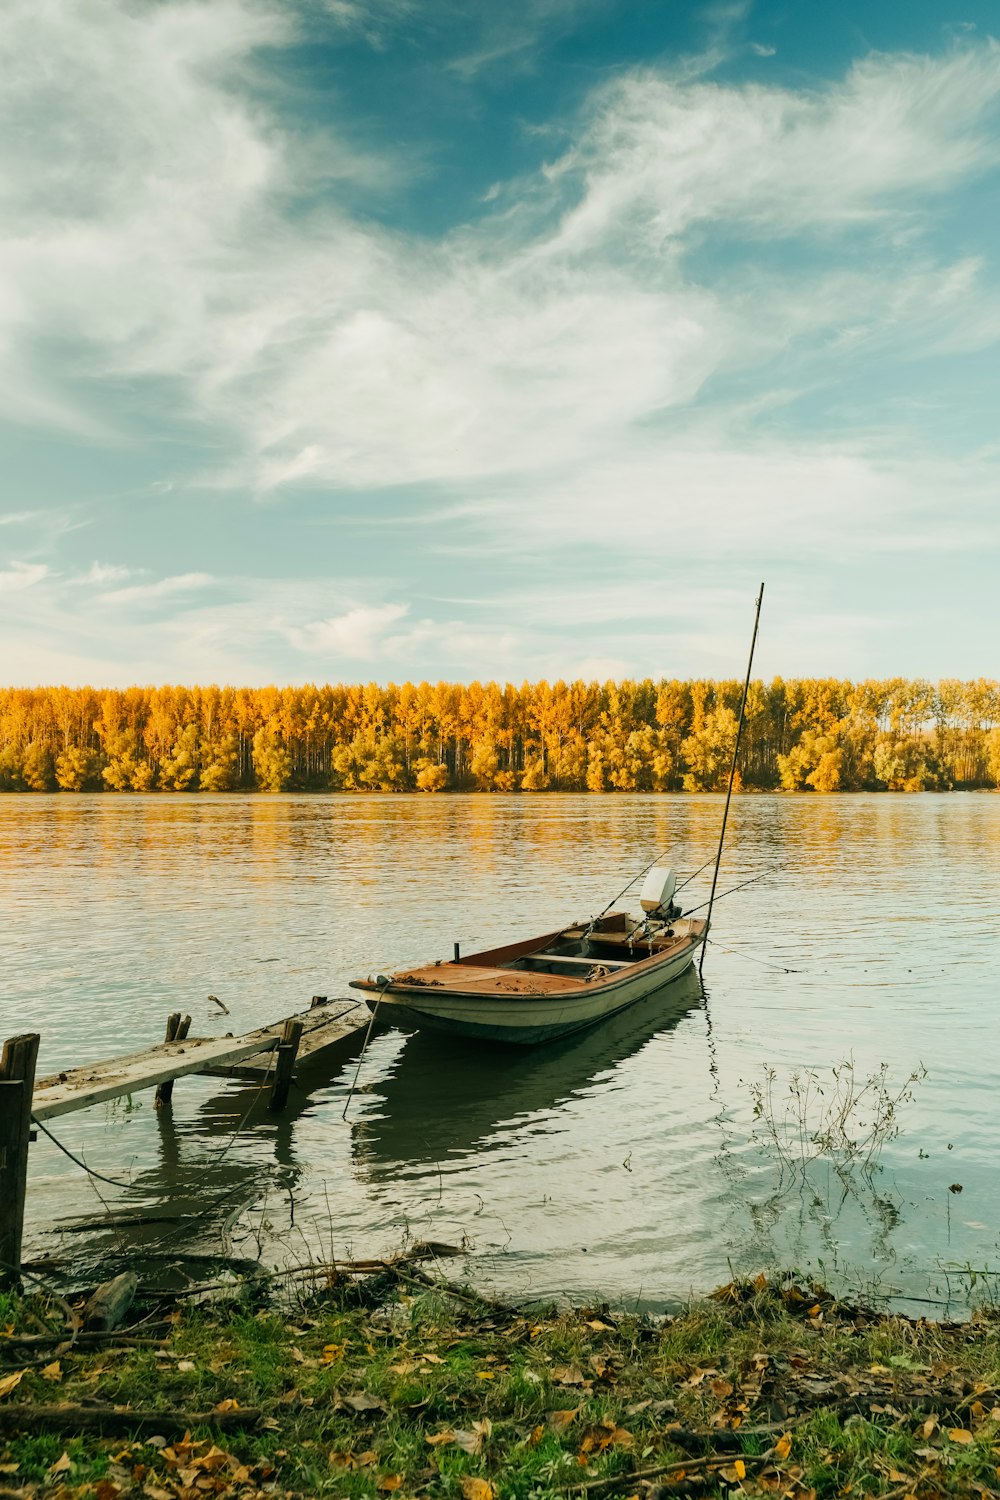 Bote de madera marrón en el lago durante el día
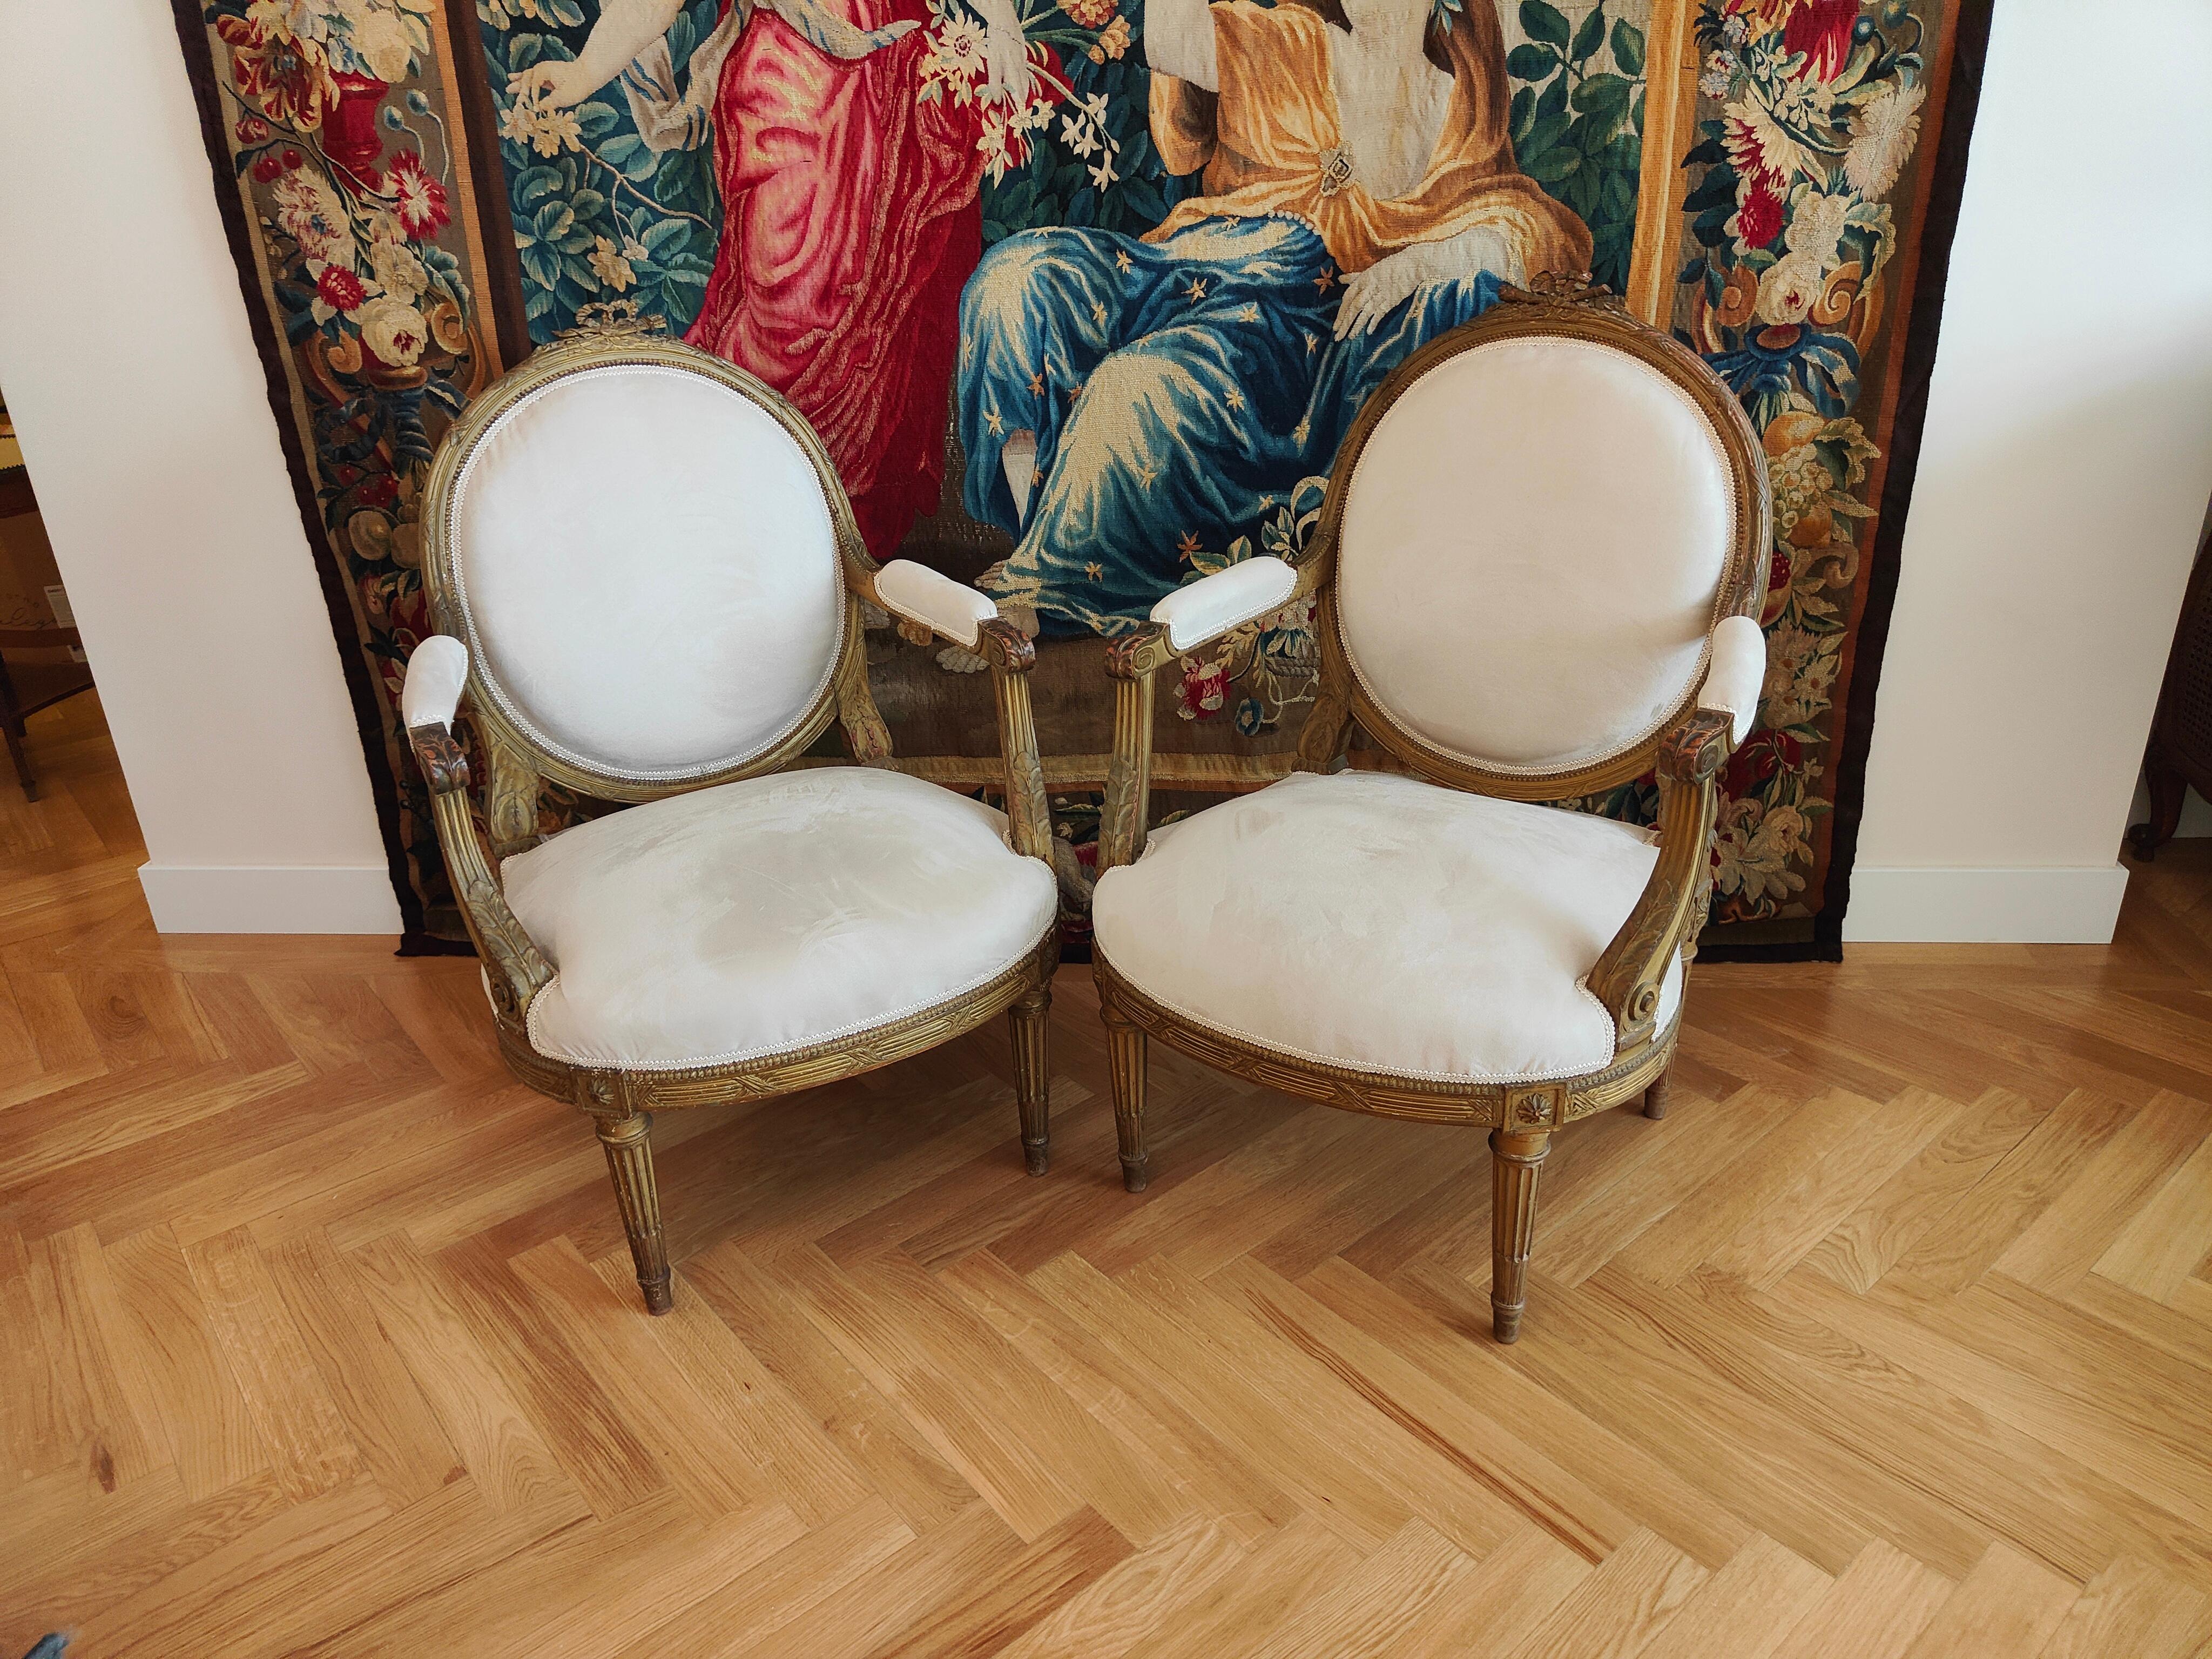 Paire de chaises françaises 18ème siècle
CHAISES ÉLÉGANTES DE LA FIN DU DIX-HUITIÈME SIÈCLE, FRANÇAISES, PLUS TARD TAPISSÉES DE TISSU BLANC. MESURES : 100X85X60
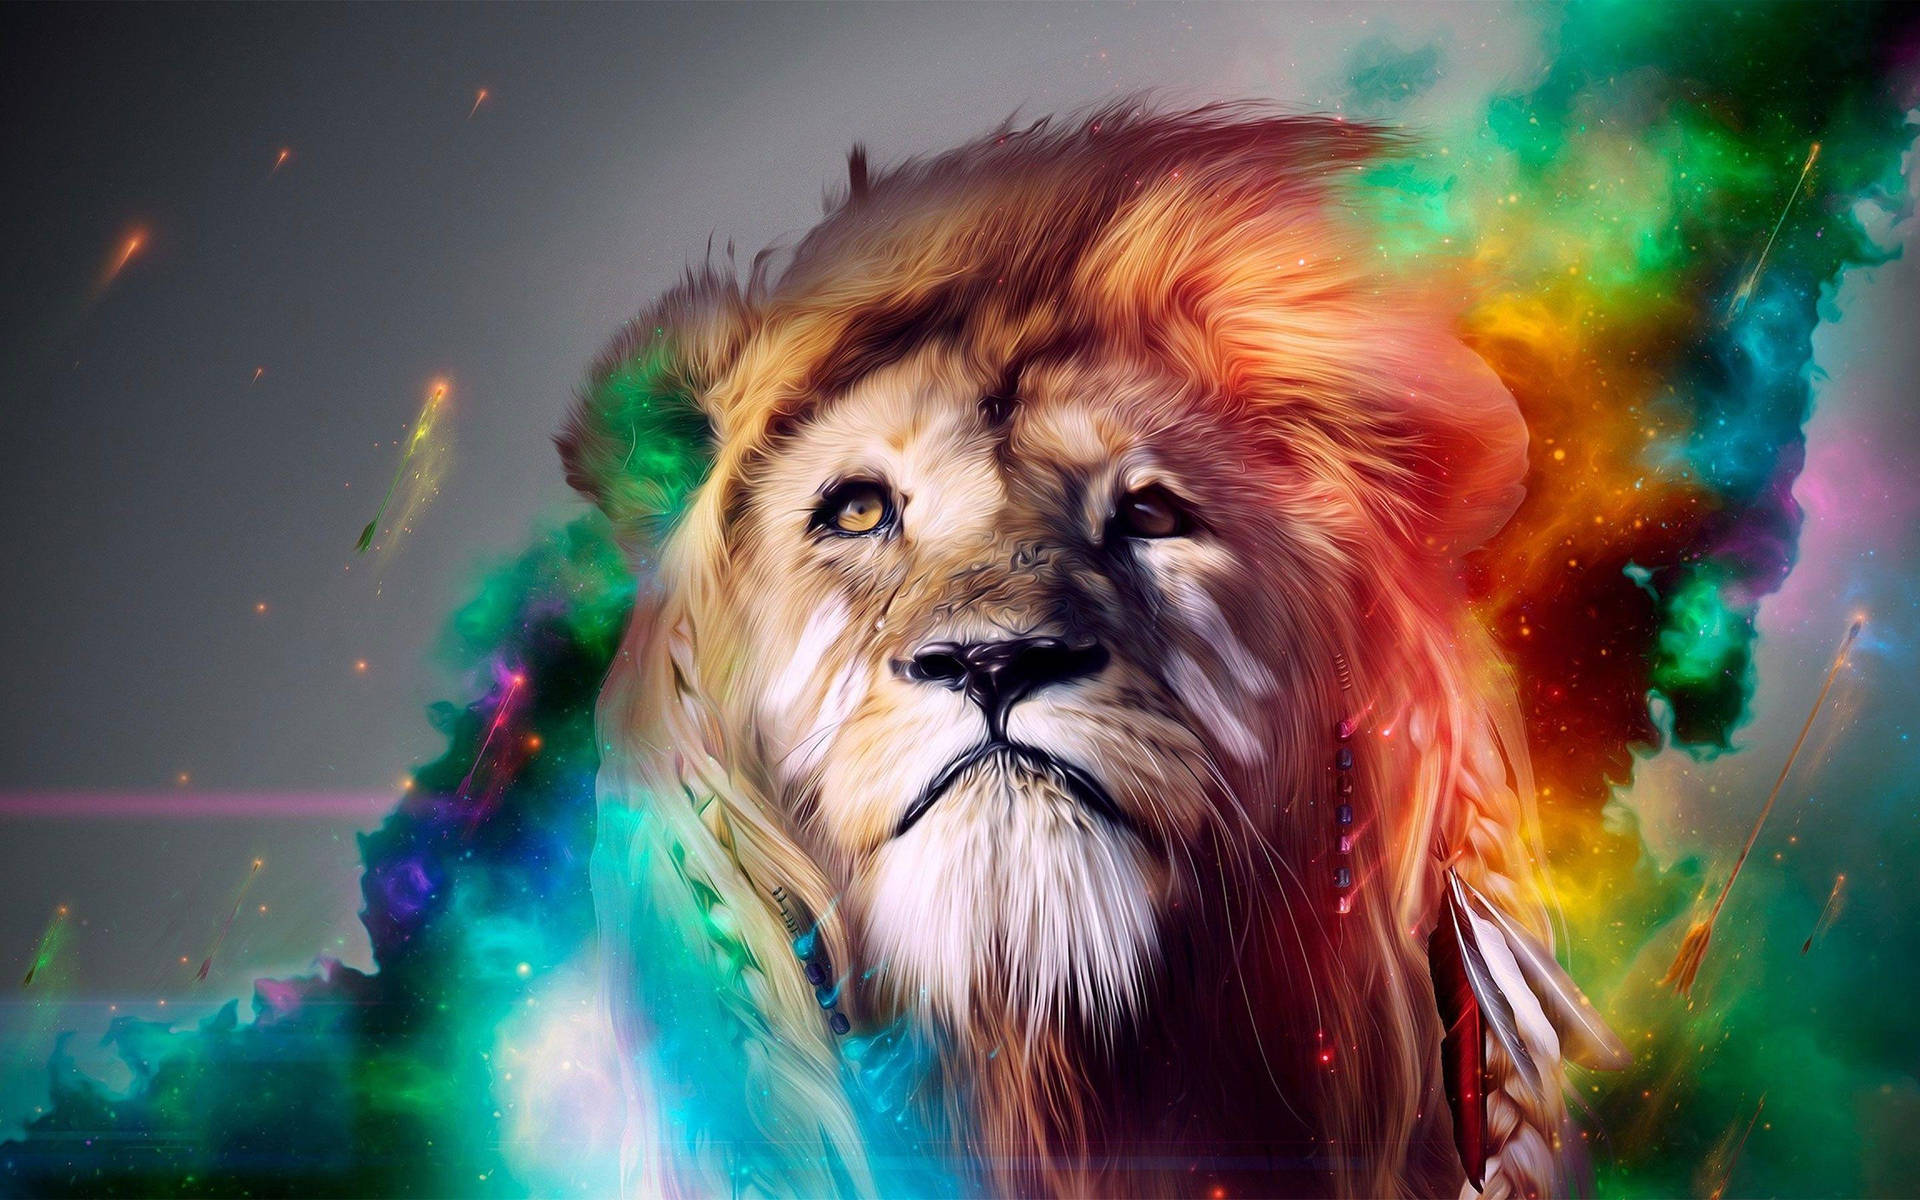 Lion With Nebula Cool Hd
———
The task:
Could you return the whole listing exactly, images excluded?

The completed task:
 Bote de madera marrón en el lago durante el día
 Paire de chaises françaises 18ème siècle
CHAISES ÉLÉGANTES DE LA FIN DU DIX-HUITIÈME SIÈCLE, FRANÇAISES, PLUS TARD TAPISSÉES DE TISSU BLANC. MESURES : 100X85X60
 Lion With Nebula Cool Hd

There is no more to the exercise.